- Available data -
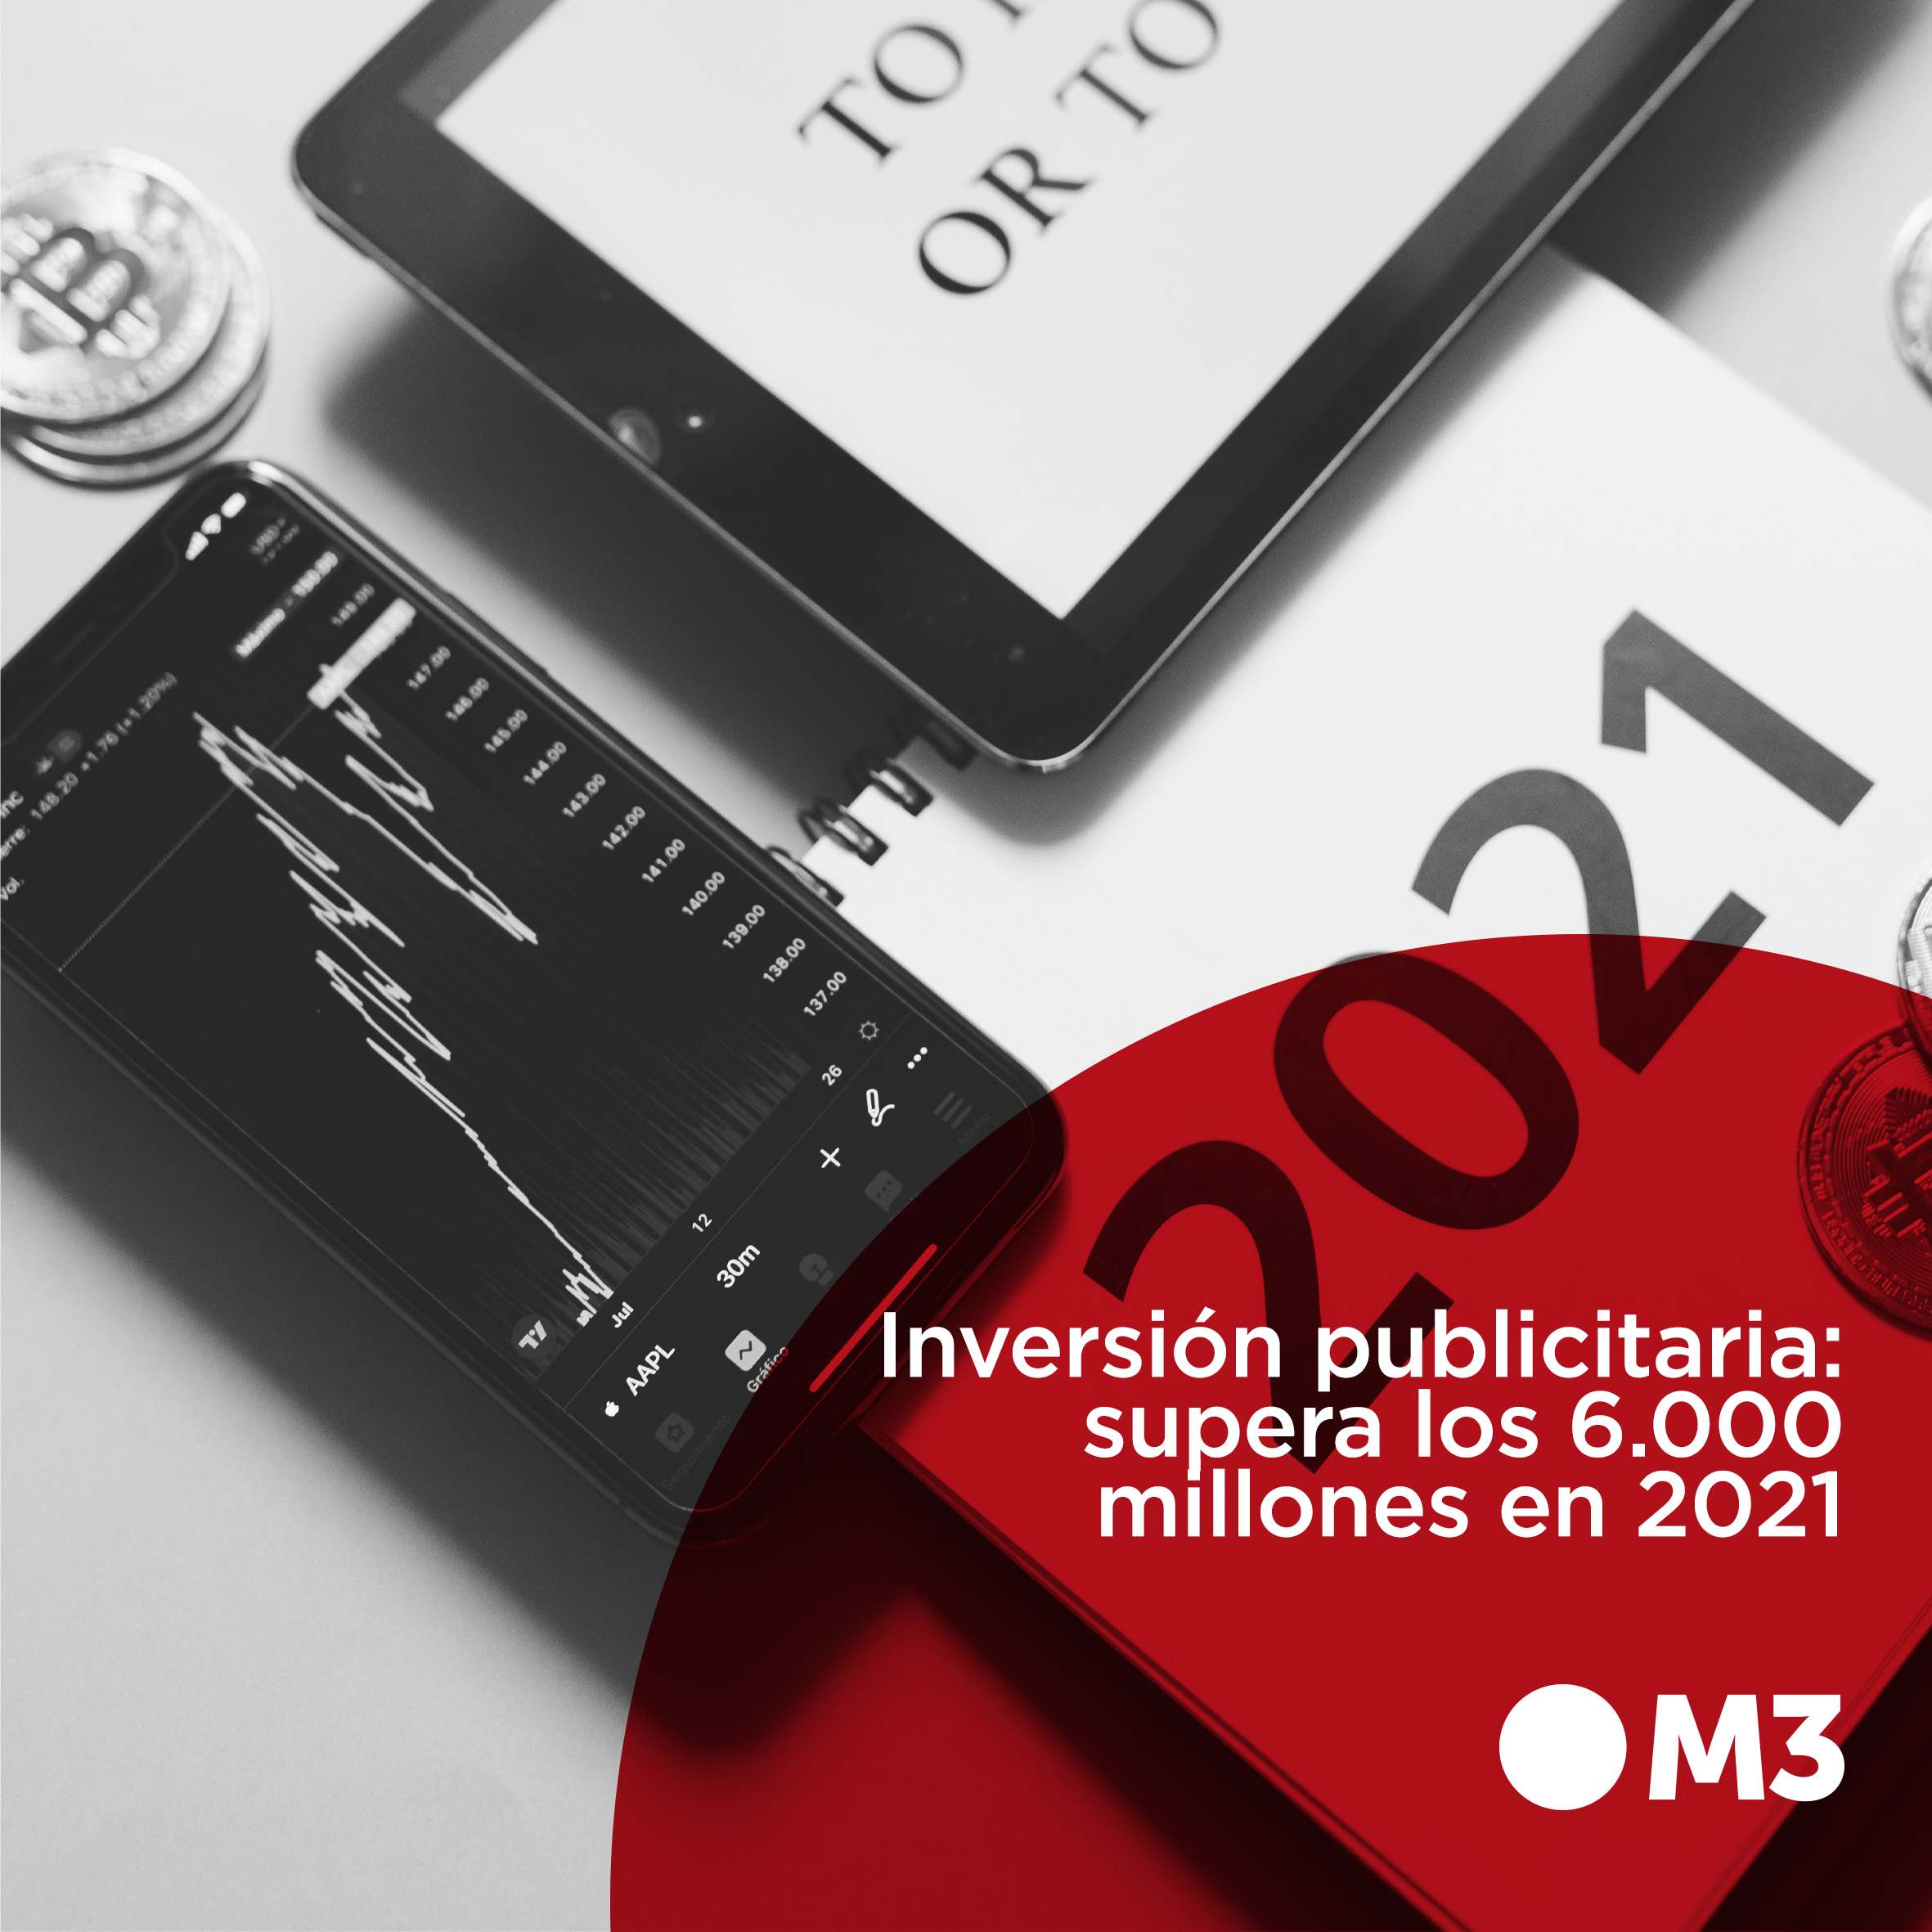 Inversión publicitaria: supera los 6.000 millones en 2021
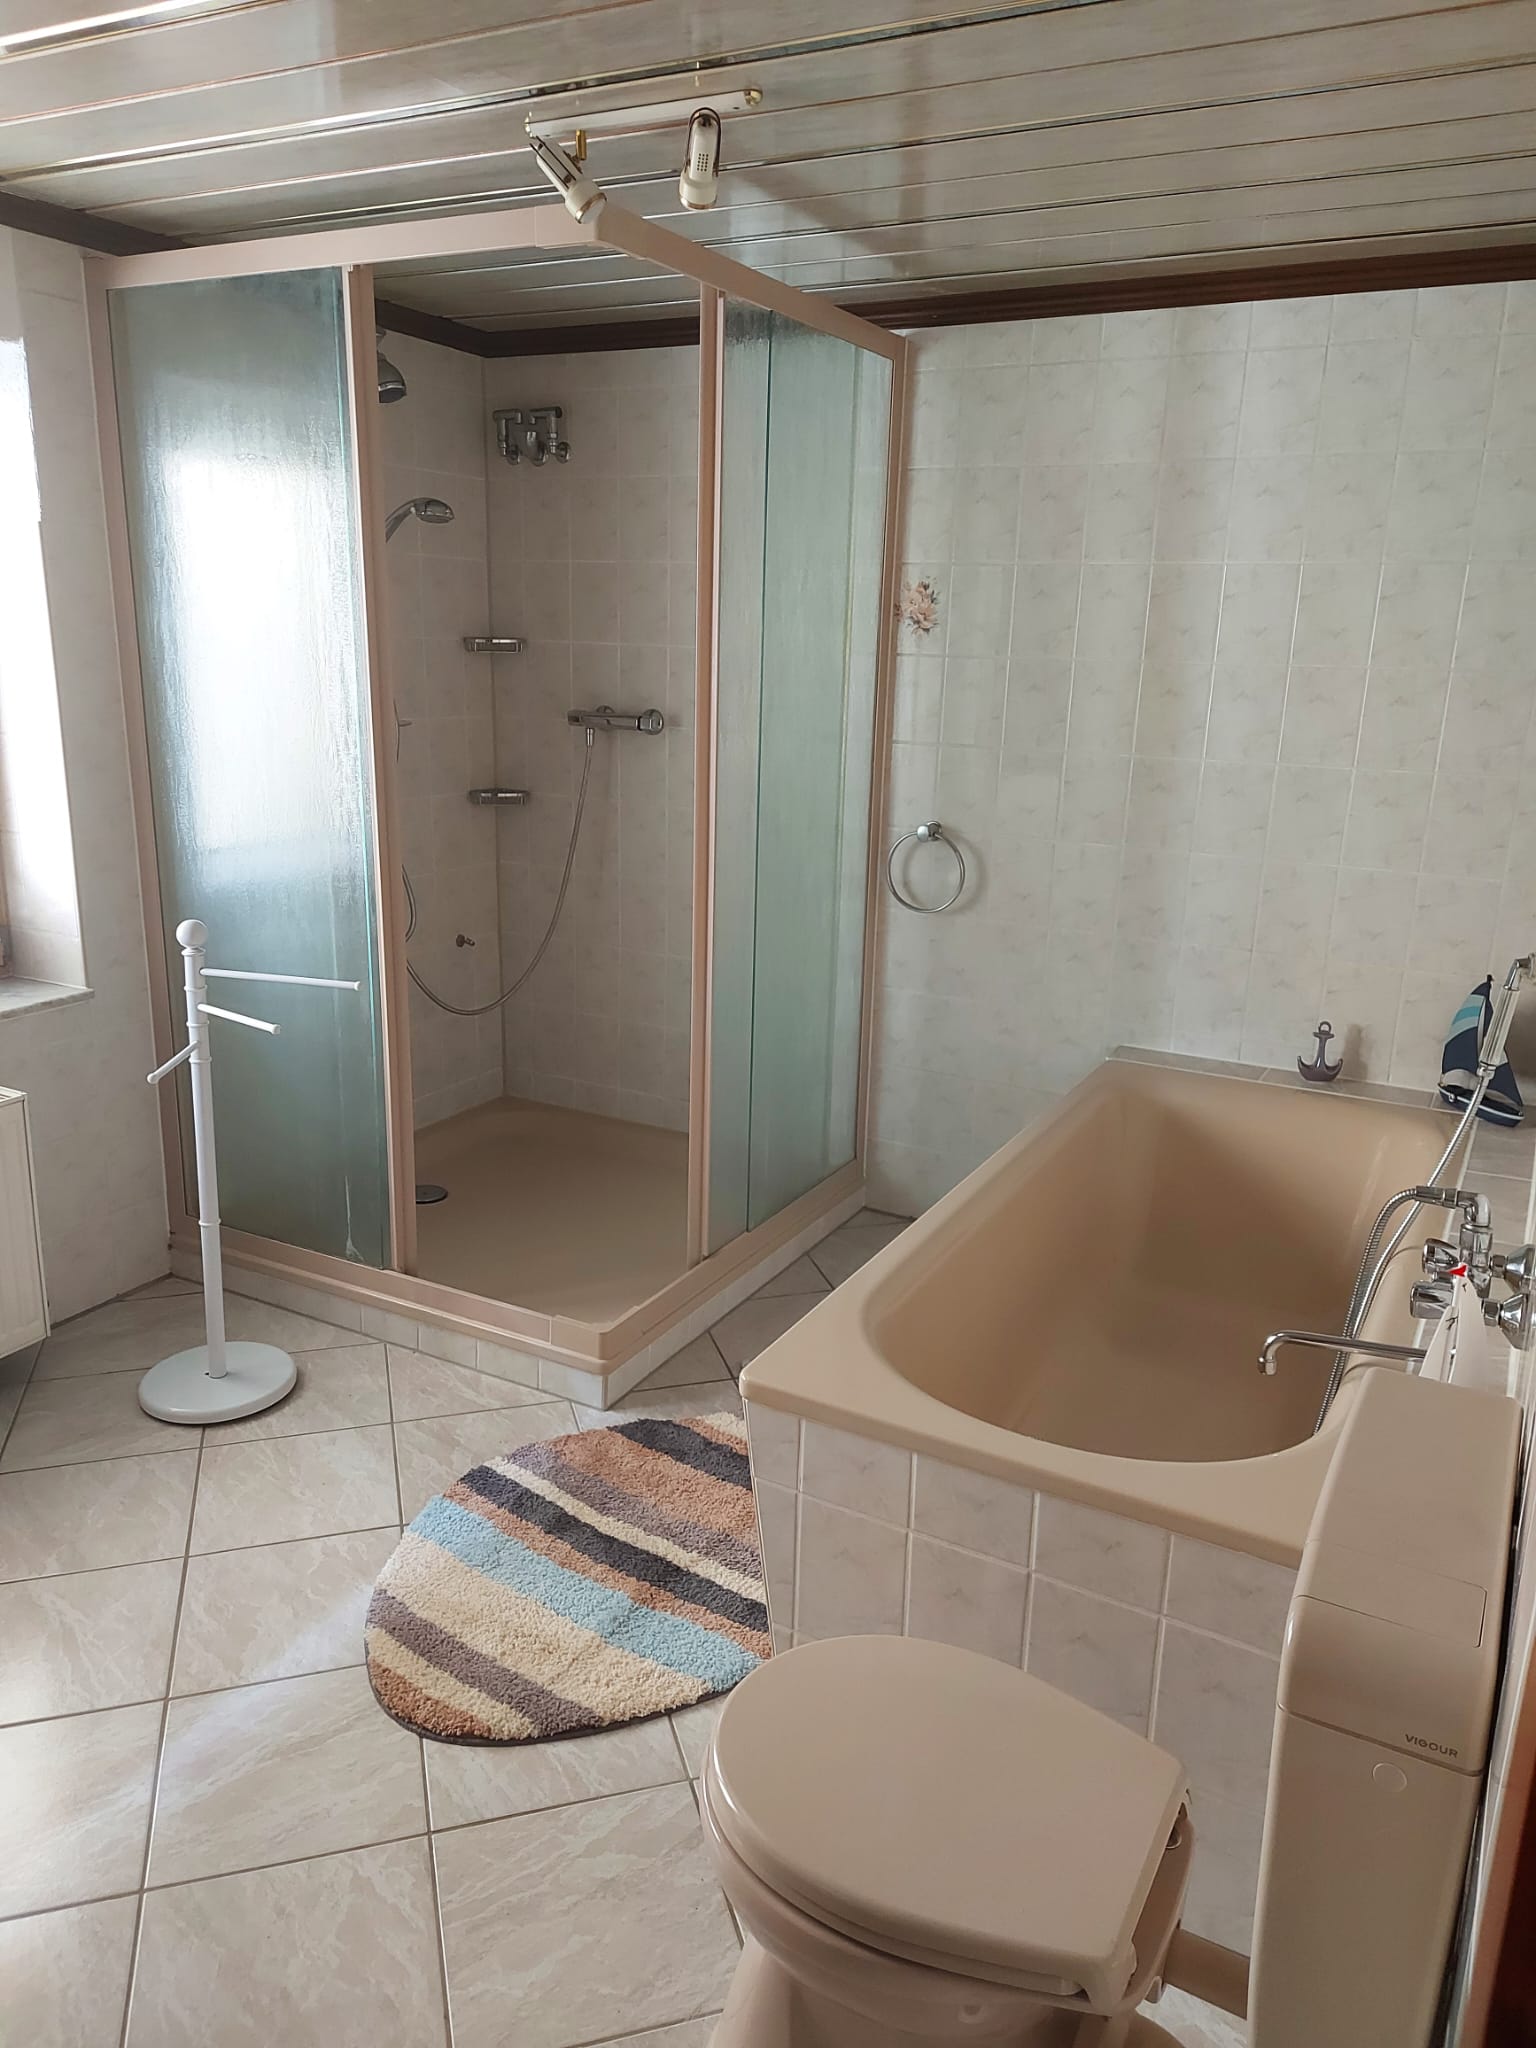 Badezimmer Waschbecken Dusche Toilette großer Spiegelschrank im Badezimmer
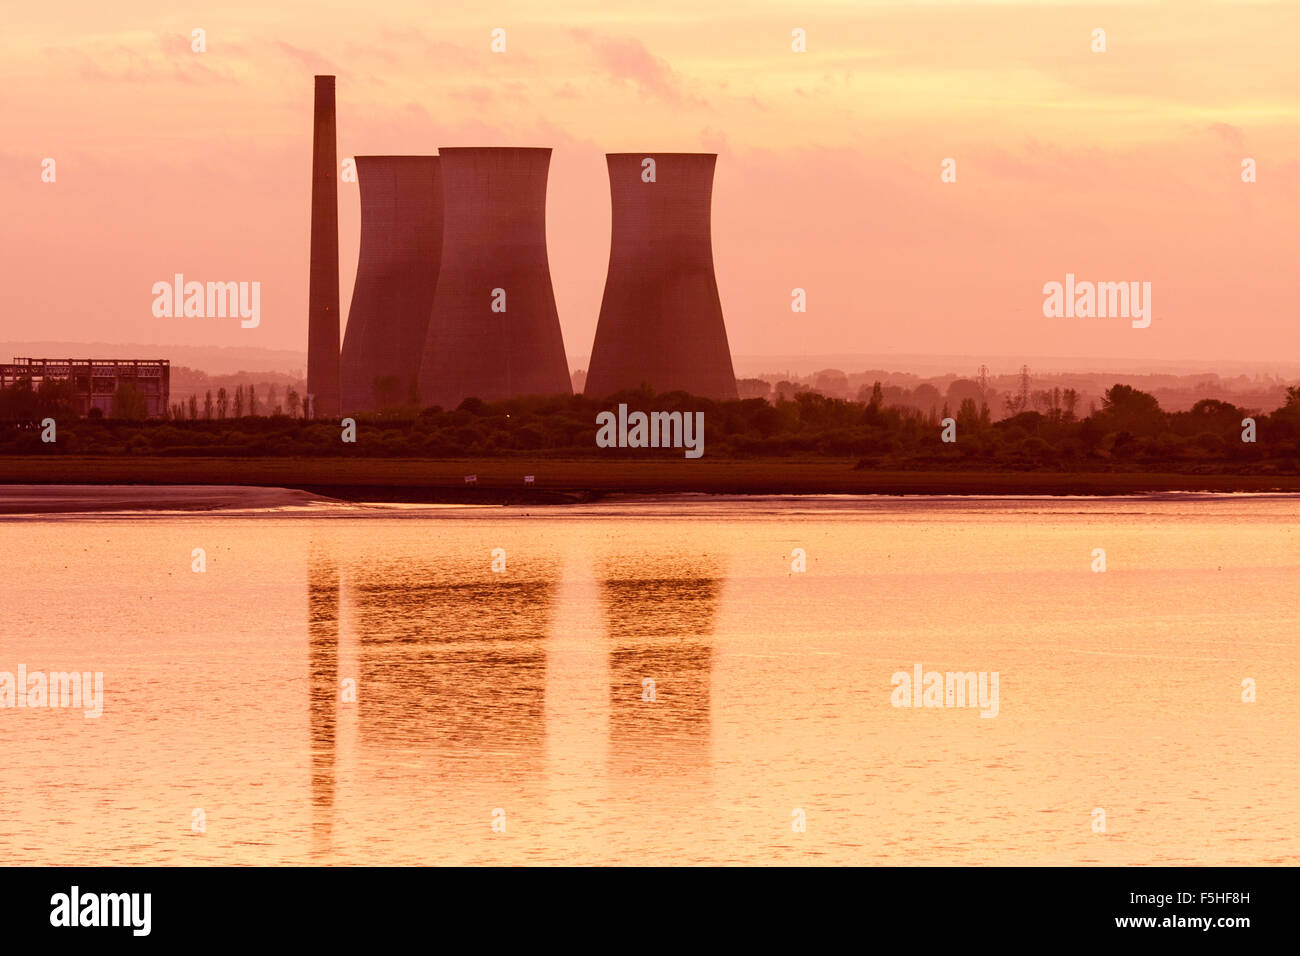 Tele Richborough Kraftwerk mit drei Kühltürme bei Sonnenuntergang, Sonnenuntergang, Licht, Türme in ruhigen Meer von Pegwell Bay wider. Stockfoto
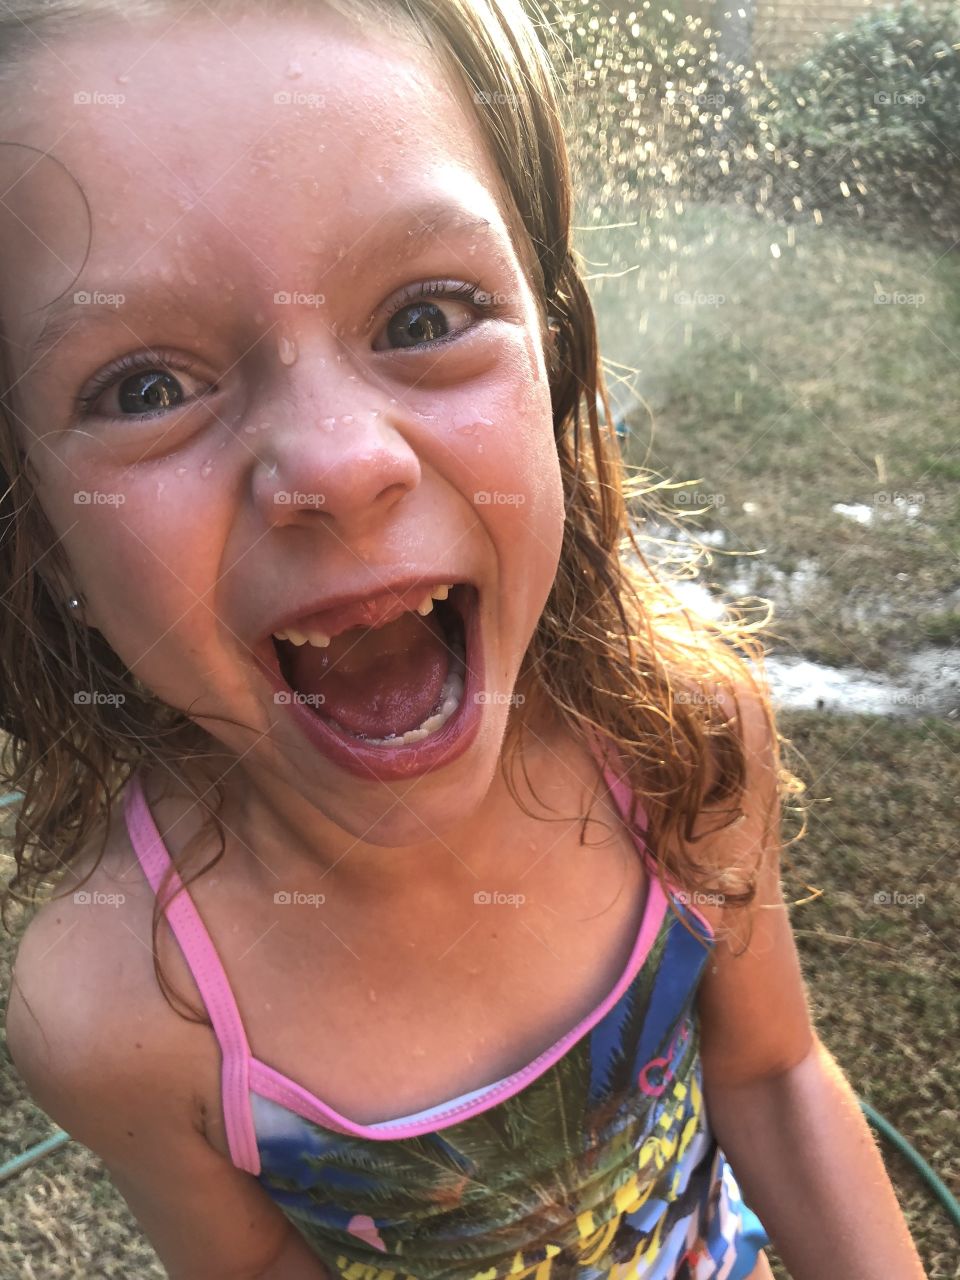 Girl enjoying sprinkler

- Work order -
Transcribe the span of lines that runs from the line with "Tele Richborough Kraftwerk" to the end of the data, both ends included, exactly, with nothing else and no pictures.

- Result of this exercise -
 Tele Richborough Kraftwerk mit drei Kühltürme bei Sonnenuntergang, Sonnenuntergang, Licht, Türme in ruhigen Meer von Pegwell Bay wider. Stockfoto
 Girl enjoying sprinkler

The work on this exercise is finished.